Joffe, 27, directs the agency’s daily and weekly reportage of news affecting Jews around the world. He previously served as news editor of the Jewish Exponent of Philadelphia, an award-winning Jewish weekly newspaper and one of the largest.

JTA, founded in 1917, has bureaus in Jerusalem, Paris and Washington, in addition to New York, with reporters stationed in Montreal, Toronto, Tel Aviv and the major European capitals.

In addition to providing news and analysis directly to some 100 weekly Jewish newspapers six days a week, JTA publishes a Daily News Bulletin, the weekly Community News Reporter, feature stories and the Weekly News Digest. JTA also distributes weekly editorial cartoons and news photos from Israel.

JTA is organized as a non-profit corporation whose board of directors includes representatives from dozens of Jewish communities around the world.

The new editor said he is “hoping to build on JTA’s 70-year tradition of excellence in Jewish journalism. I’d like JTA to be thought of as a communications link for Jewish communities around the world and as the most authoritative source of Jewish news anywhere.”

To do so, in Joffe’s view, means attention to more than facts. “I feel JTA ought to provide not only moment-to-moment coverage of Jewish news, but also stories that provide context and analyze the impact of these developments on the Jewish community around the world,” he explained.

BROADER COVERAGE

The new editor also said he intends to broaden the scope of JTA’s coverage. “I would like to expand coverage of North American Jewish news, but this will require the cooperation of the Jewish weekly newspapers,” he said.

He envisions a more formalized cooperative arrangement in which JTA would serve as the conduit for distributing stories written by individual newspapers to JTA subscribers throughout the world.

Joffe said he also hopes to expand news services provided on the electronic wire. “That means Jewish newspapers who have not computerized their operations ought to think more seriously about doing so,” he said. “Otherwise, they’ll simply be missing out on some of the best copy JTA provides.”

Joffe was born in New Brunswick, N.J., and grew up in the suburbs of Cincinnati, where he served as chapter president of the local Young Judaea group.

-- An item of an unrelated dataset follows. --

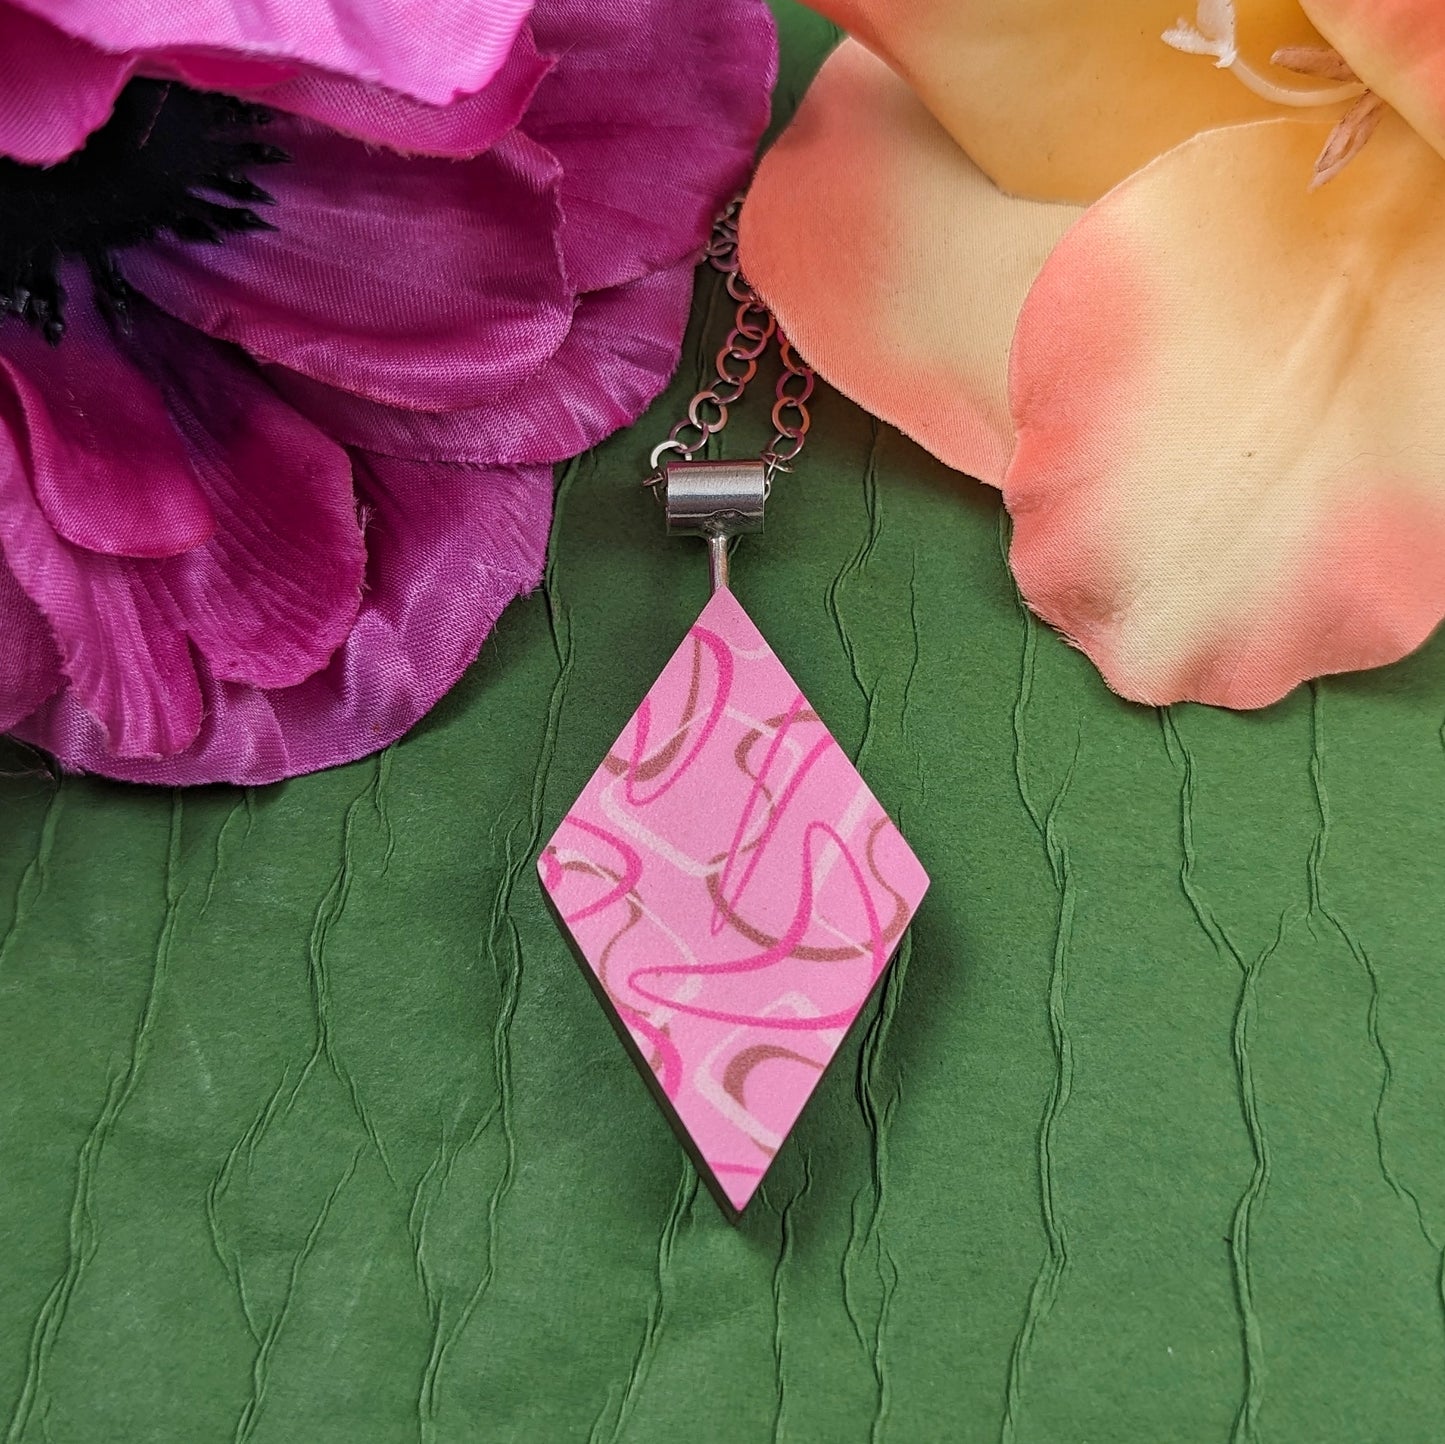 Diamond Shaped Laminate Necklace - Pink
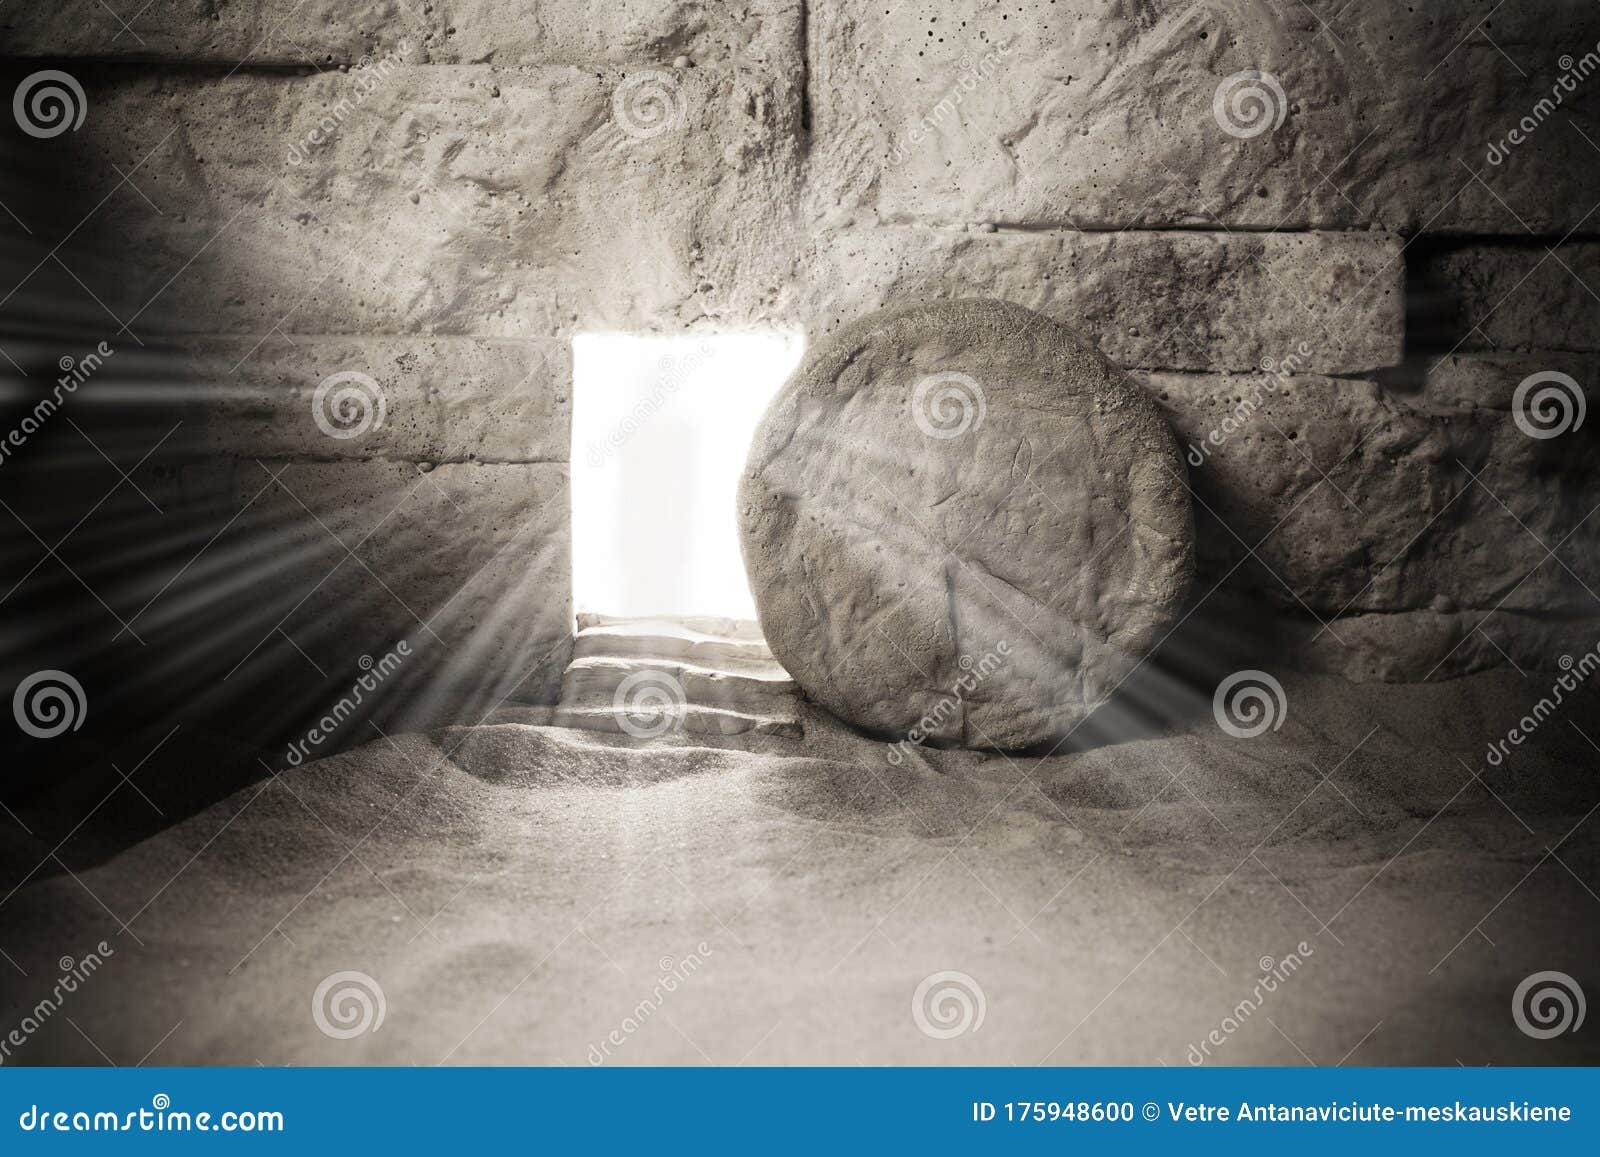 tomb of jesus. jesus christ resurrection. christian easter concept

He attended Haverford College in Philadelphia, where he edited the campus newspaper and earned a bachelor’s degree in political science. In 1981, he won the James A. Finnegan Fellowship Foundation Award, the top prize in a statewide competition for internships in Pennsylvania state government. A college intern at the Jewish Exponent, Joffe was hired full-time as organizations editor in 1982 and became news editor in 1984.

In more than five years at the paper, he covered assignments in Philadelphia, New York, Washington, San Francisco, Toronto, Israel and the Soviet Union.

In addition, he served as manager of the Exponent’s computer systems, helping guide the company through two technological transitions. He also used that expertise in implementation of the re-design of the newspaper, accomplished this summer.

Joffe said he is excited to be assuming a post vital to the international Jewish community. “It’s a responsibility I take seriously,” he said, “and it’s one that I share with a staff that fortunately includes many capable individuals.”